I ascended with Campbell to the lake he had visited on the previous day, about 600 or 800 feet above Yeumtso, and 17,500 feet above the sea: it is a mile and a half long, and occupies a large depression
between two rounded spurs, being fed by glaciers from Kinchinjhow.
The rocks of these spurs were all of red quartz and slates, cut into broad terraces, covered with a thick glacial talus of gneiss and
granite in angular pebbles, and evidently spread over the surface
when the glacier, now occupying the upper end of the lake, extended over the valley.
The ice on the cliffs and summit of Kinchinjhow was much greener and clearer than that on the south face (opposite Palung); and rows of
immense icicles hung from the cliffs. A conferva grew in the waters of the lake, and short, hard tufts of sedge on the banks, but no
other plants were to be seen. Brahminee geese, teal, and widgeon,
were swimming in the waters, and a beetle (Elaphrus) was coursing over the wet banks; finches and other small birds were numerous,
eating the sedge-seeds, and picking up the insects. No view was
obtained to the north, owing to the height of the mountains on the
north flank of the Lachen.
At noon the temperature rose to 52.5 degrees, and the black-bulb to 104.5 degrees; whilst the north-west dusty wind was so dry, that the dew-point fell to 24.2 degrees.
CHAPTER XXIV.
Ascent of Bhomtso -- View of snowy mountains -- Chumulari -- Arun
river -- Kiang-lah mountains -- Jigatzi -- Lhama -- Dingcham province of Tibet -- Misapplication of term "Plain of Tibet" -- Sheep, flocks of -- Crops -- Probable elevation of Jigatzi -- Yarn -- Tsampu river -- Tame elephants -- Wild horses -- Dryness of air -- Sunset beams --
Rocks of Kinchinjhow -- Cholamoo lakes -- Limestone -- Dip and strike of rocks -- Effects of great elevation on party -- Ascent of Donkia -- Moving piles of debris -- Cross Donkia pass -- Second Visit to
Momay Samdong -- Hot springs -- Descent to Yeumtong -- Lachoong --
Retardation of vegetation again noticed -- Jerked meat -- Fish --
Lose a thermometer -- Lepcha lad sleeps in hot spring -- Keadom --
Bucklandia -- Arrive at Choongtam -- Mendicant -- Meepo --
Lachen-Lachoong river -- Wild grape -- View from Singtam of
Kinchinjunga -- Virulent nettle.
In the afternoon we crossed the valley, and ascended Bhomtso, fording the river, whose temperature was 48 degrees.

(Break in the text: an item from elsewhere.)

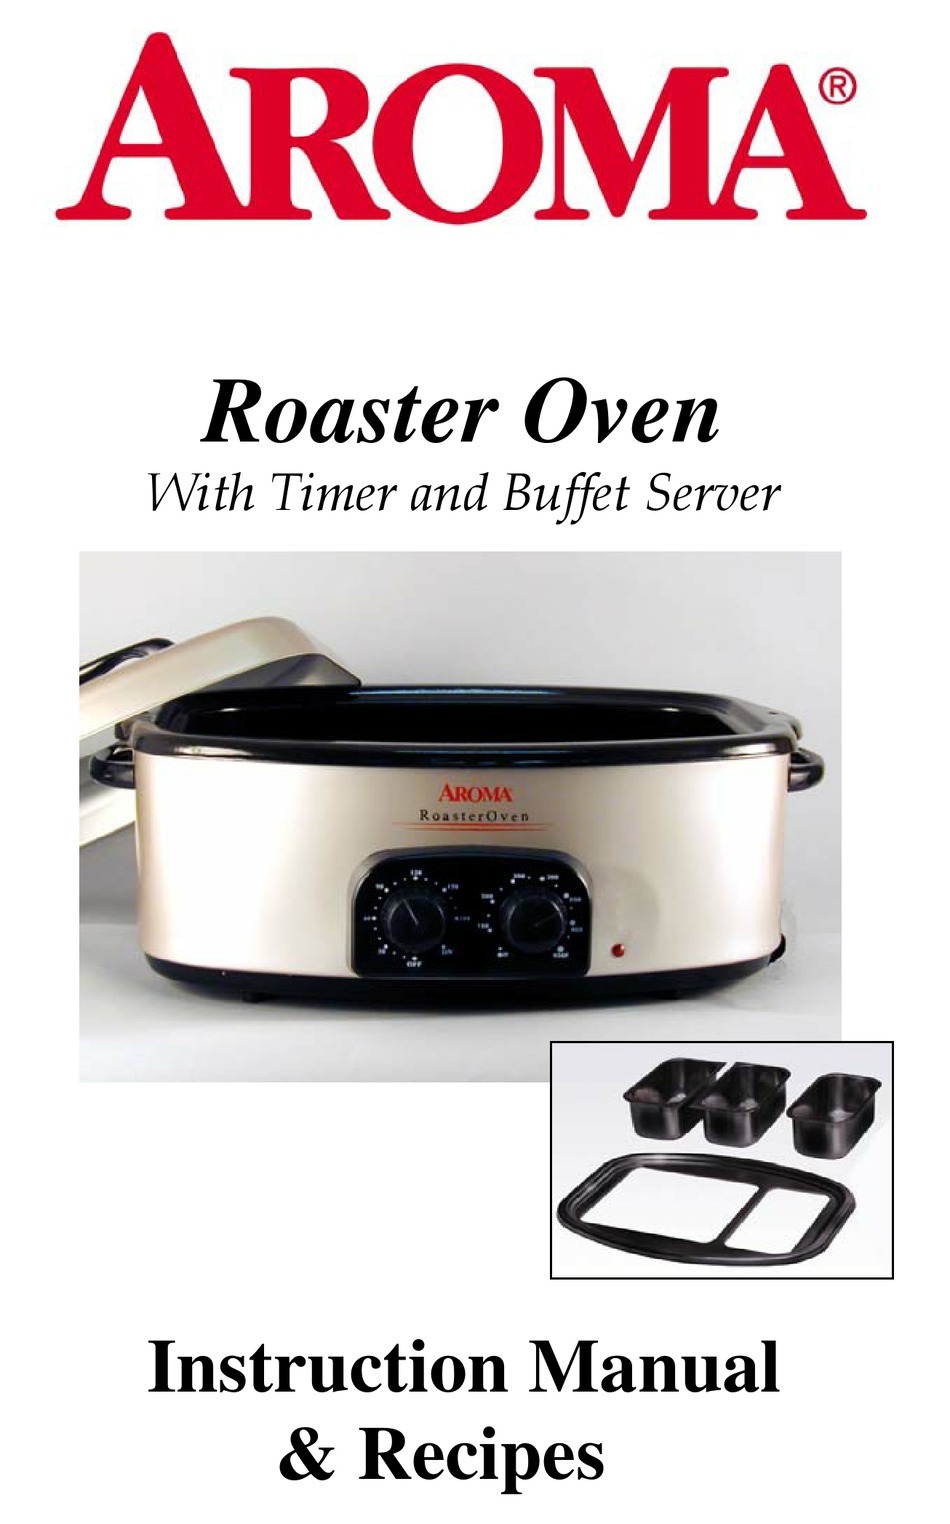 https://data2.manualslib.com/first-image/i11/54/5314/531303/aroma-roaster-ovens.jpg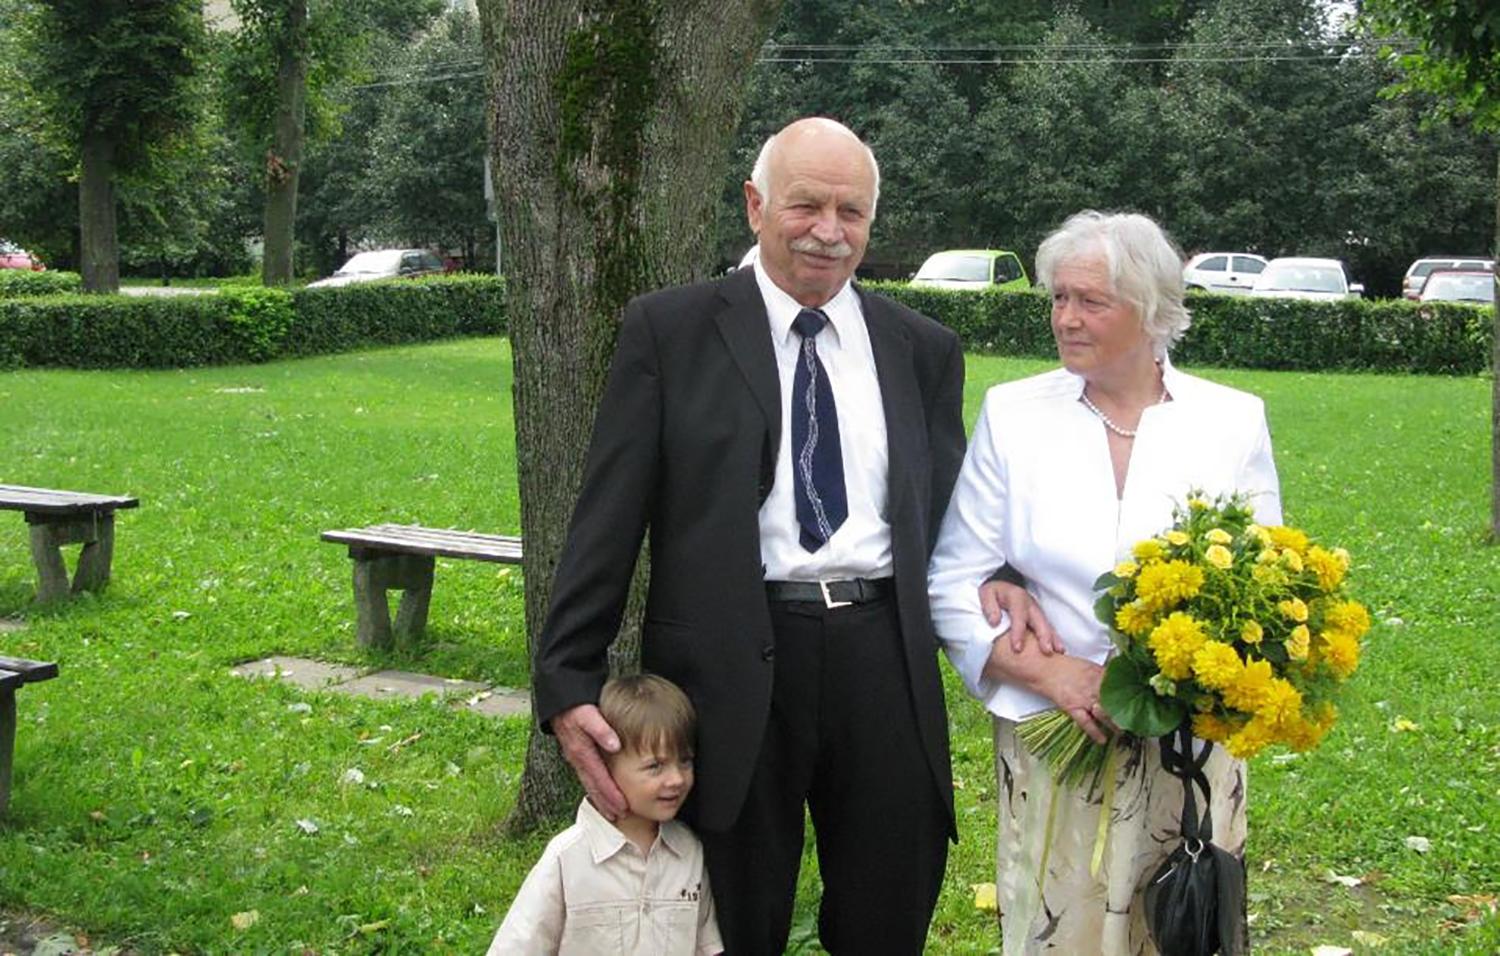 Sutuoktiniai jubiliejus švenčia kartu / Profesorius emeritas Rimvydas Tumas su žmona Onute.

Some stupendous boulders of gneiss from Kinchinjhow are deposited in a broad sandy track on
the north bank, by ancient glaciers, which once crossed this valley from Kinchinjhow.
The ascent was alternately over steep rocky slopes, and broad
shelf-like flats; many more plants grew here than I had expected, in inconspicuous scattered tufts.* [Besides those before mentioned,
there were Fescue-grass (Festuca ovina of Scotland), a
strong-scented silky wormwood (Artemisia), and round tufts of
Oxytropis chiliophylla, a kind of Astralagus that inhabits
eastern and western Tibet; this alone was green: it formed great
circles on the ground, the centre decaying, and the annual shoots
growing outwards, and thus constantly enlarging the circle. A woolly Leontopodium, Androsace, and some other plants assumed nearly the same mode of growth. The rest of the vegetation consisted of a
Sedum, Nardostachys Jatamansi, Meconopsis horridula, a slender
_Androsace, Gnaphalium, Stipa, Salvia, Draba, Pedicularis,
Potentilla_ or Sibbaldia, Gentiana and Erigeron alpinus of
Scotland. All these grow nearly up to 18,000 feet.] The rocks were
nearly vertical strata of quartz, hornstone, and conglomerate,
striking north-west, and dipping south-west 80 degrees. The broad top of the hill was also of quartz, but covered with angular pebbles of the rocks transported from Kinchinjhow. Some clay-stone fragments
were stained red with oxide of iron, and covered with _Parmelia
miniata_;* [This minute lichen, mentioned at chapter xxxii, is the
most Arctic, Antarctic, and Alpine in the world; often occurring so abundantly as to colour the rocks of an orange red. This was the case at Bhomtso, and is so also in Cockburn Island in the Antarctic ocean, which it covers so profusely that the rocks look as if brightly
painted. See "Ross's Voyage," vol. ii. p. 339.] this, with Borrera,
another lichen, which forms stringy masses blown along by the wind, were the only plants, and they are among the most alpine in
the world.
Bhomtso is 18,590 feet above the sea by barometer, and 18,305 by
boiling-point: it presented an infinitely more extensive prospect
than I had ventured to anticipate, commanding all the most important Sikkim, North Bhotan, and Tibetan mountains, including Kinchinjunga thirty-seven miles to the south-west, and Chumulari thirty-nine miles south-east. Due south, across the sandy valley of the Lachen,
Kinchinjhow reared its long wall of glaciers and rugged precipices, 22,000 feet high, and under its cliffs lay the lake to which we had walked in the morning: beyond Kongra Lama were the Thlonok mountains, where I had spent the month of June, with Kinchinjunga in the
distance. Westward Chomiomo rose abruptly from the rounded hills we were on, to 22,000 feet elevation, ten miles distant. To the east of Kinchinjhow were the Cholamoo lakes, with the rugged mass of Donkia stretching in cliffs of ice and snow continuously southwards to
forked Donkia, which overhung Momay Samdong.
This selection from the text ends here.